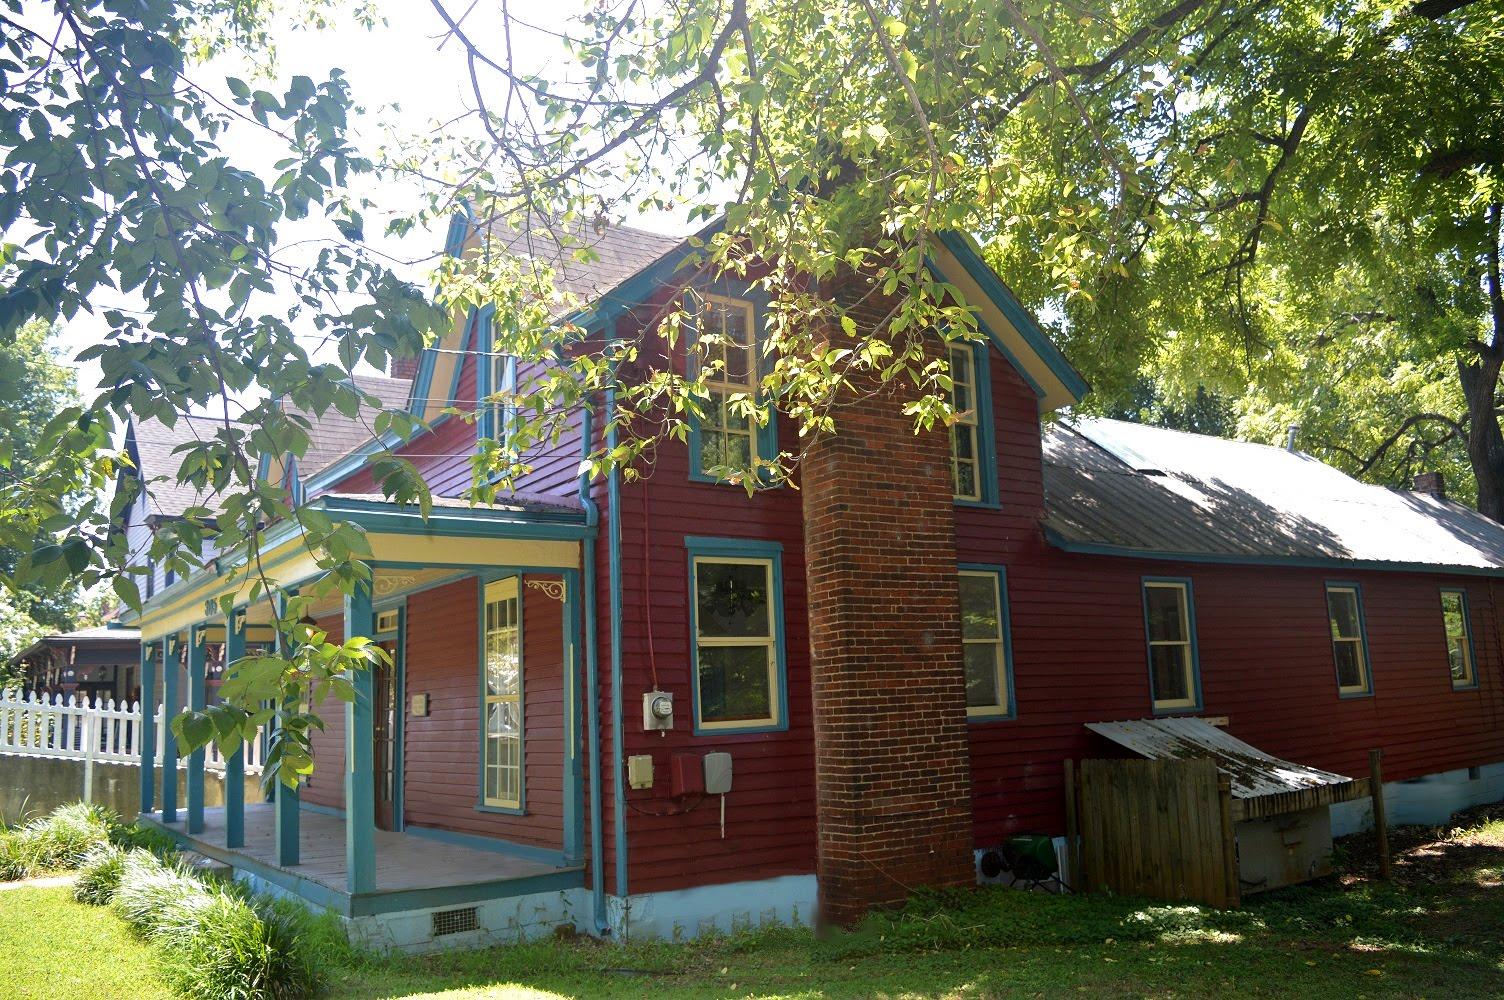 305 E. Bank Street, Salisbury NC 28144 ~ circa 1883 ~ $100,000
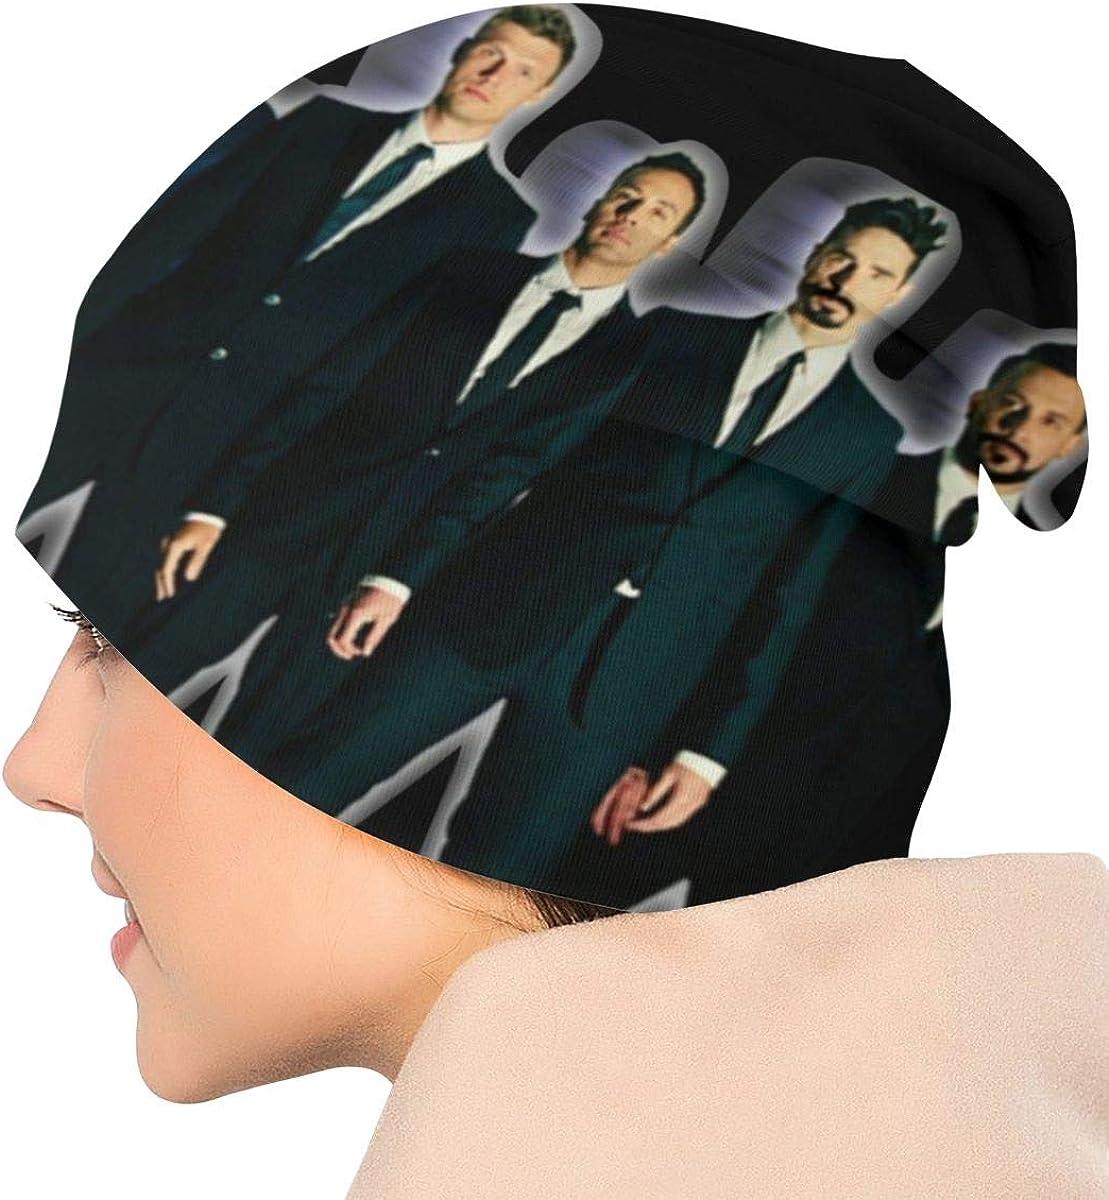 Backstreet Boys Knit Hat Warm Soft Comfortable Warm Winter Beanie Print Cap for Men and Women Black
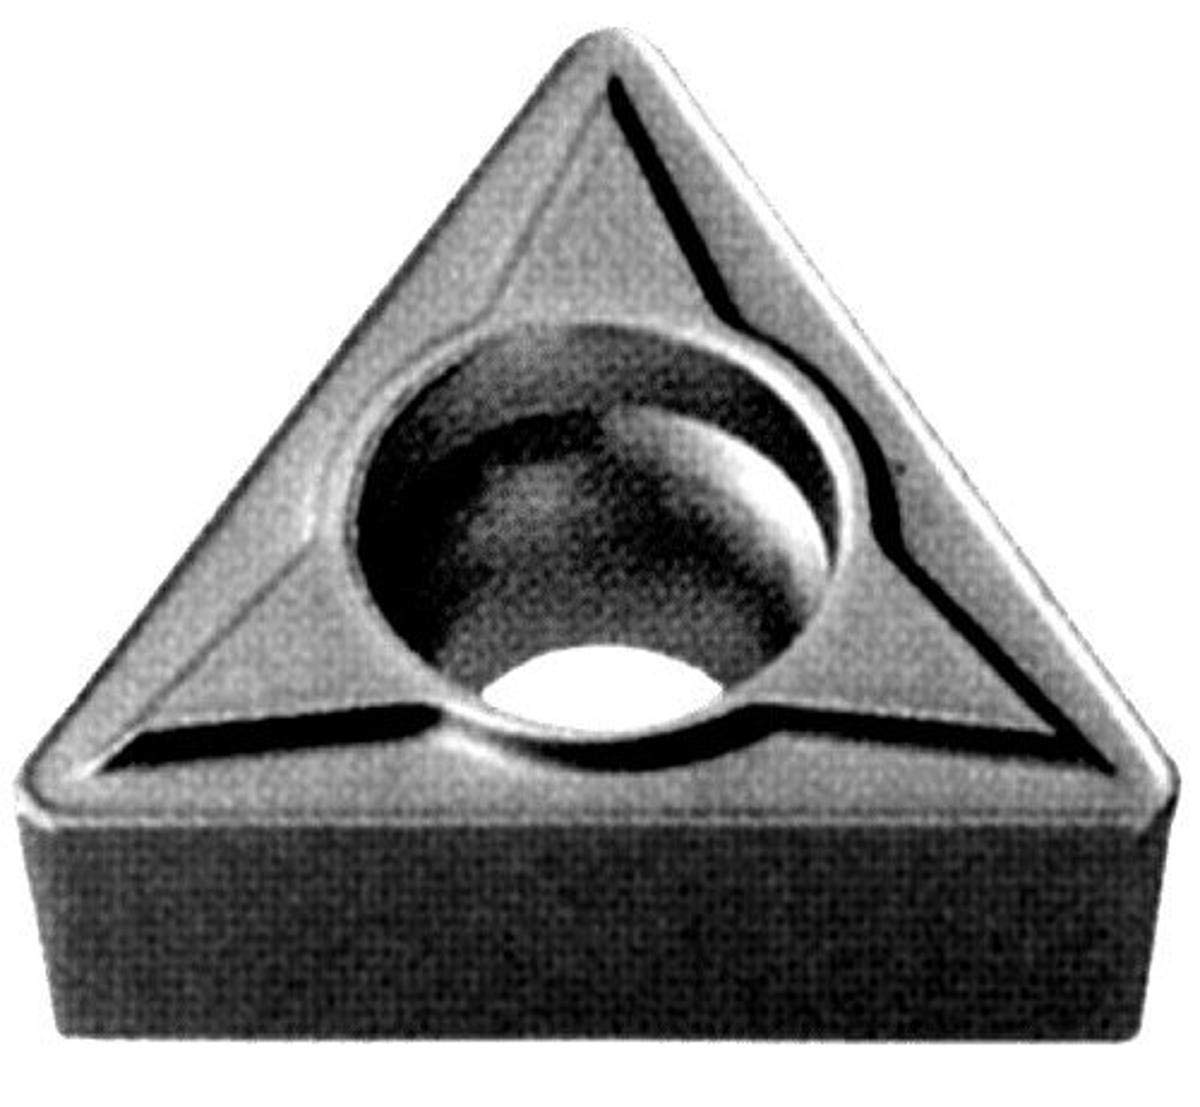 Cobra Carbide 40956 Solid Carbide Turning Insert, C550 Grade, Un

**What this task involves**
Repeat the listing word for word, but without its pictures.

**Task response**
 305 E. Bank Street, Salisbury NC 28144 ~ circa 1883 ~ $100,000
 Backstreet Boys Knit Hat Warm Soft Comfortable Warm Winter Beanie Print Cap for Men and Women Black
 Cobra Carbide 40956 Solid Carbide Turning Insert, C550 Grade, Un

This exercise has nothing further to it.